Коренга хотел было съязвить, поинтересовавшись, с каких это пор в торговом Галираде не рады приезжим, а стало быть, их товару и деньгам… не сказал и правильно сделал. Он выразился иначе:
– Прости, господин мой, но если бы у тебя птица шапку с головы унесла, я и с ней в сговоре был бы?
Любопытного народу в воротах собралось уже предостаточно, а из двери харчевни выглянул вышибала. И сразу стало понятно, что хлеб он свой не даром жевал. Он подошёл и взял обворованного за плечо.
– Кружечку ты, Шанява, гляжу, расплескал… Пошли, новую тебе нальём, да расскажешь мне, что там у тебя вышло.
Коренга про себя рассудил, что прозвище Шаняве досталось справедливое. Во всяком случае, по-веннски это слово означало раззяву. Племя Коренги чтило свой язык древней родственного сольвеннского; может, жители Галирада запамятовали иные значения? Или придали старым словам другой смысл?..
Так или иначе, Шанява зло махнул на венна рукой и ушёл следом за вышибалой, и Коренга вздохнул с облегчением.
Он не ошибся. Неприступный с виду дядька сразу заулыбался, подставляя собачьему носу ладонь.
– Что, малыш, моей пахнет?.. Нюхай, нюхай, не жалко… – И пояснил уже для Коренги: – Только взял сучонку трёхмесячную. Подрастёт, помощницей будет… Твоего удальца как звать-то?
Такова людская природа. Ценитель собак обязательно спросит другого охотника[13] об имени питомца, хотя сам заранее знает, что истинного имени ему, конечно же, не откроют.
– Звягой[14] зову, добрый господин мой, как же ещё его звать, – привычно соврал молодой венн. – А скажи, сделай милость, найдётся ли при этой славной харчевне какой-нибудь дворик, где сидят гости, приверженные вольному воздуху, и откуда ты не погонишь путешествующего с собакой?
Ибо дверь «Утреннего улова» была снабжена, по обыкновению всякой двери, порожком. Не в локоть высотой, как в правильной веннской избе, а всего в пядь, чтобы легко перешагивали даже отягощённые пищей и пивом… Но и пядь была одолима для маленьких колёс только при последней нужде.
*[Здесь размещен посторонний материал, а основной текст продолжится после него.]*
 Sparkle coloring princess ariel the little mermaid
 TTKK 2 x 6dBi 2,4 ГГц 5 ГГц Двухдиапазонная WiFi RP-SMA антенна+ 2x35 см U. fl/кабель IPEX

Вышибала нахмурился было, но после мгновенного недоумения всё понял. Правду люди говорят: кому и понимать нужды увечного, если не опытному бойцу!
– Заверни за угол, увидишь ворота, – указал он рукой. – Заезжай смело, я к тебе девку пришлю.
Такой дворик есть примета харчевни, которая славится отменной готовкой, а рачительный хозяин не желает упускать гостей из-за тесноты под своим кровом. Коренга осторожно миновал ворота и оказался в чистой маленькой выгородке, замощённой, ради изгнания сырости, горбылями. Здесь стоял длинный струганый стол и при нём – прочные скамьи, сделанные из половинок бревна и гладких тёсаных пней.
– Э-э! С псиной куда!.. – сразу заворчал на Коренгу один из мужчин, стучавших ложками за столом.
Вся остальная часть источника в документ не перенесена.